Describe one critical learning incident or learning experience that stood out during your placement using the STAR model
S- Situation. Details of the context of the experience, including the issues/barriers encountered. T- Task. What was your role, what task/learning experience were you trying to conduct/facilitate? A- Actions. What did you or the mentor do in response to this situation that demonstrates your ability to be responsive? R- Result. What was the result that followed from your actions. How will you change it next time?
I encountered minor behavioural management issues (getting out of chairs to ask me for help, talking too loudly (task-based talk), calling out sometimes etc.

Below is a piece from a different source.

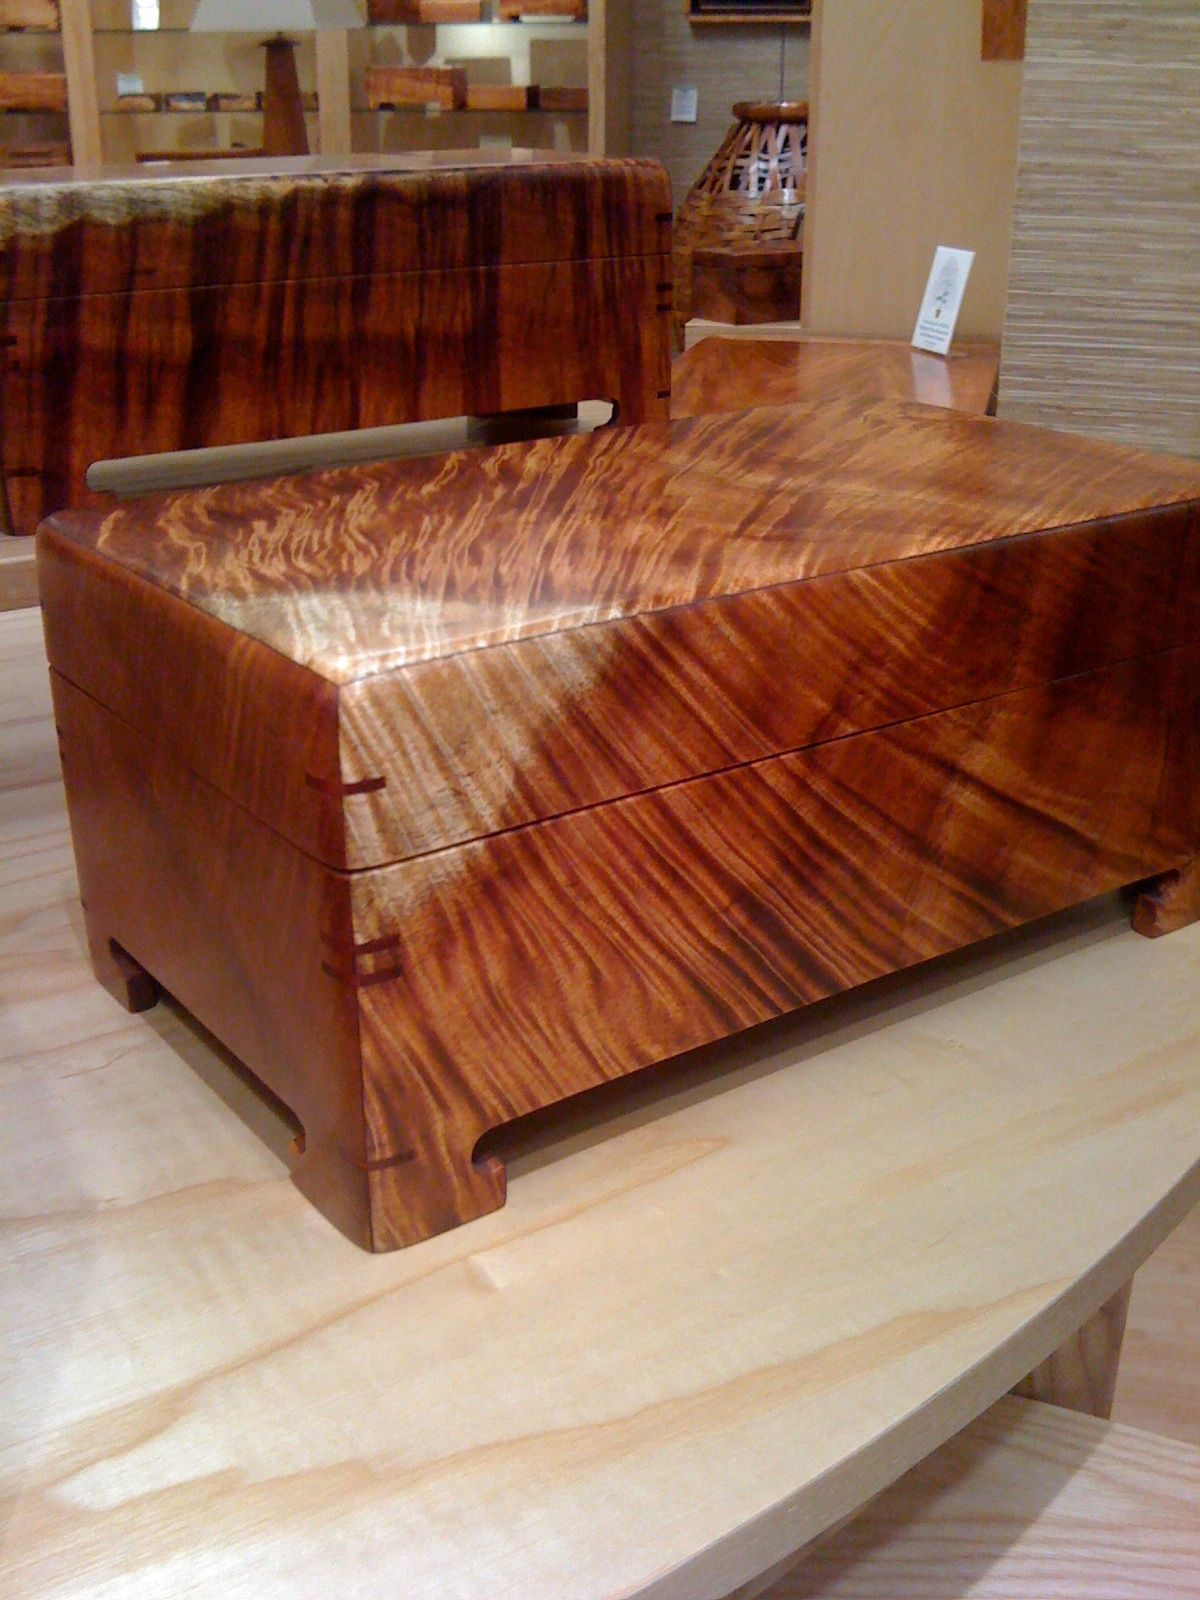 Koa wood jewelry box Jewelry box Pinterest Craftsman Box and

This occurred during instructions and whilst completing tasks.
After speaking to my mentor we decided the behaviours would only escalate and to “nip it in the bud” early. This encouraged introducing my own behavioural expectations, call-and-response methods and classroom routines in the following lesson.

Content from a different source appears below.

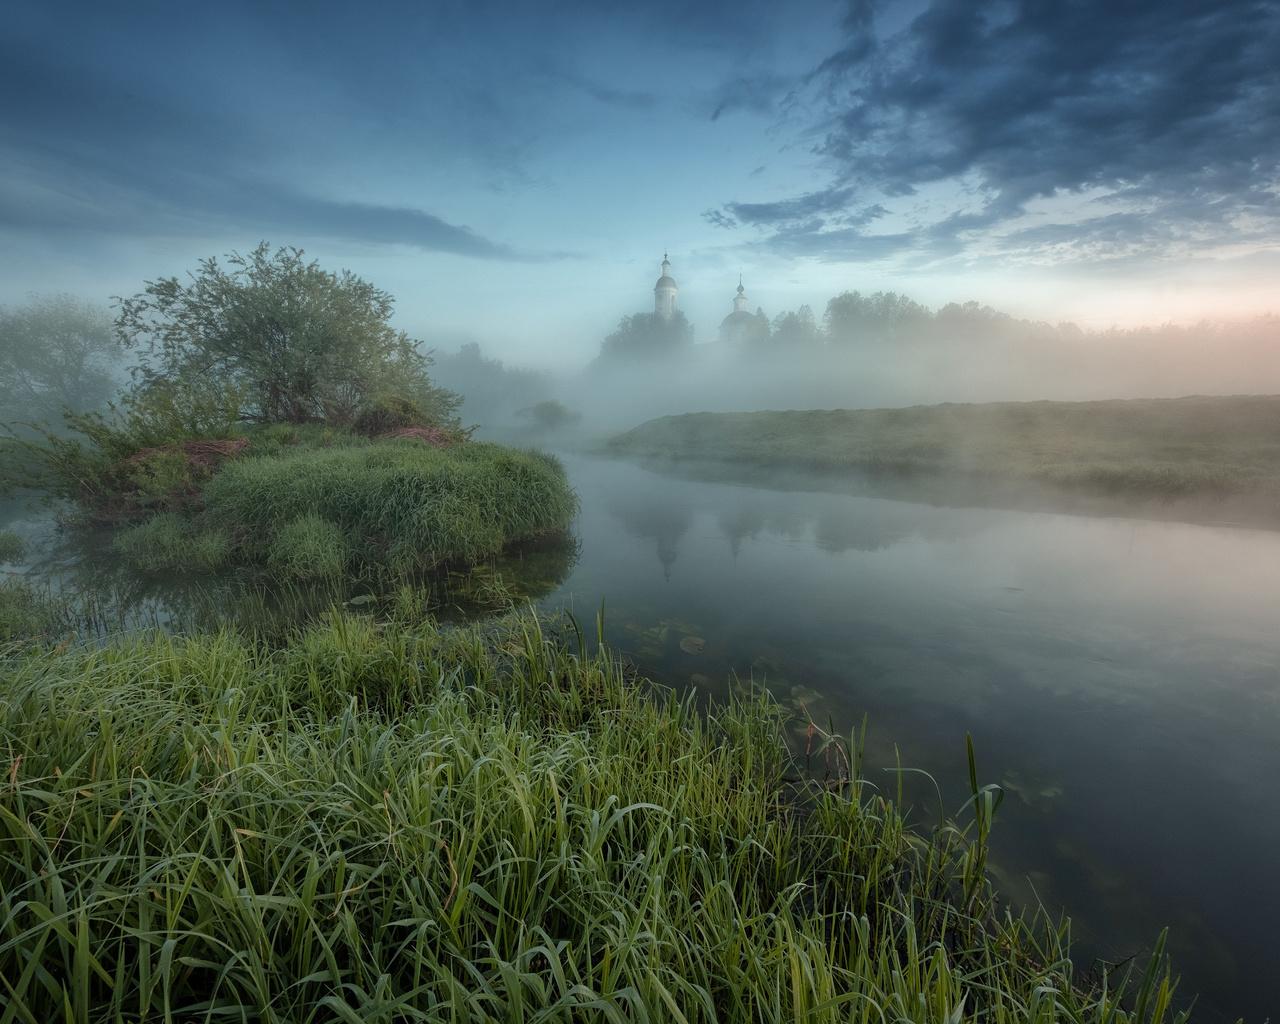 деревья, пейзаж, природа, туман, весна, утро, церковь, травы, кусты, берега, речушка, андрей Чиж, шерна

I assumed that implementing my teacher’s strategies/routines would be effective as at the start of the year I didn’t want to overload students with information and routines. However, implementing my own classroom expectations/rules and call-and-response strategies meant students were consistently on task, not calling out, “giving 5” on the mat and worked under set noise levels. I found it increased my positive reinforcements as I had more time to focus on students on-task working to expectations.

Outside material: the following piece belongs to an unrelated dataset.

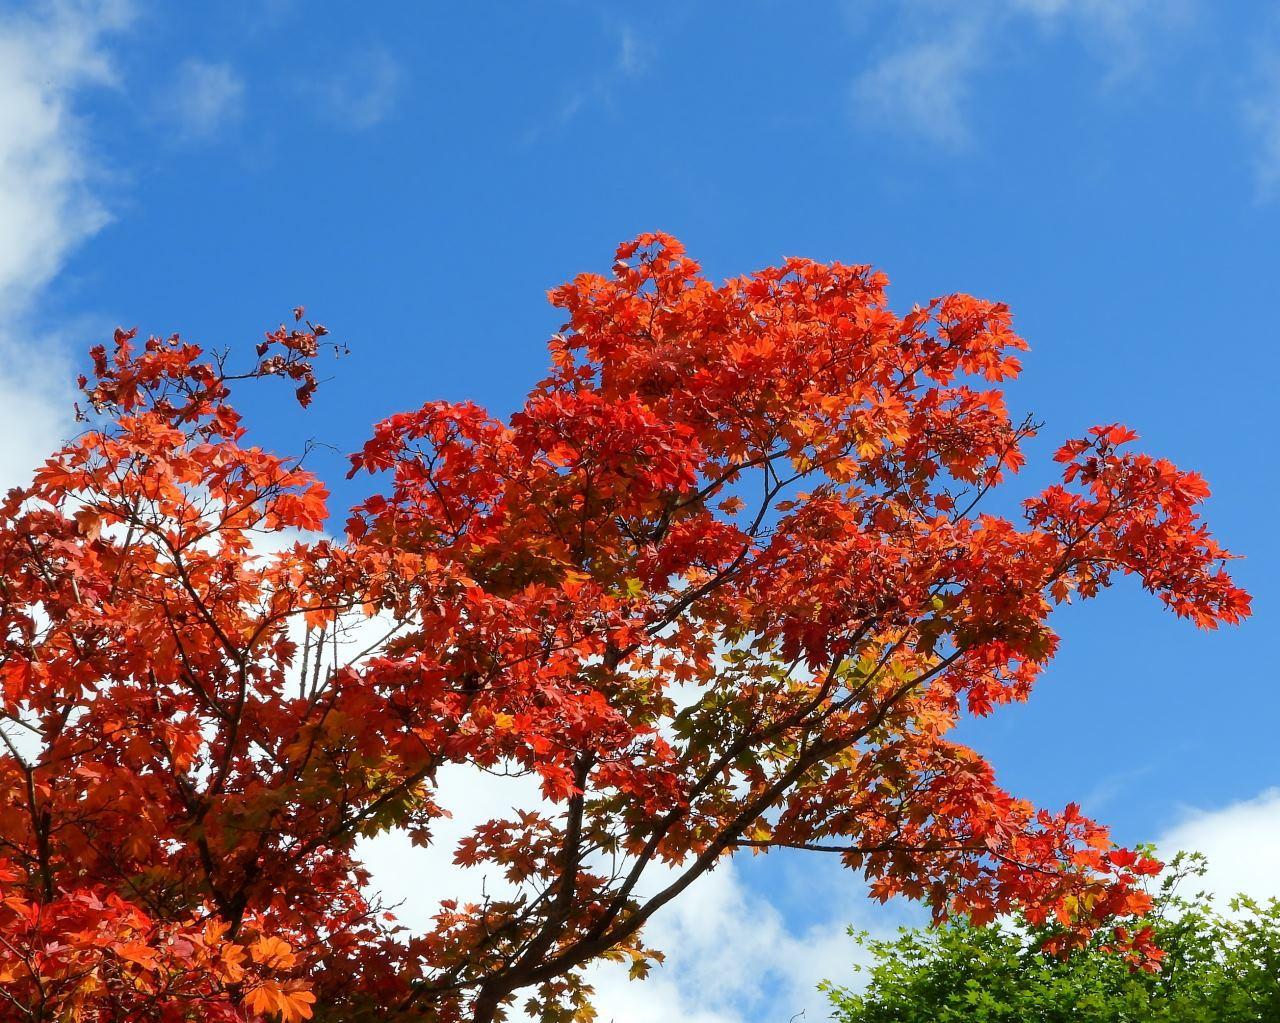 軽井沢レイクガーデンから 深まる秋を_c0305565_17343251.jpg

When beginning my Final Placement Experience, I will be sure to re-teach and introduce some behavioural routines, classroom expectations, noise level scale and call-and-response within the first few lessons/days to ensure students have a clear understanding of the expectations. I believe this is important because it completely changed the flow of my lessons as I wasn’t constantly disrupted or distracted by students with off-task behaviours, it allowed me to spend more time assisting students and monitoring their progress and capabilities.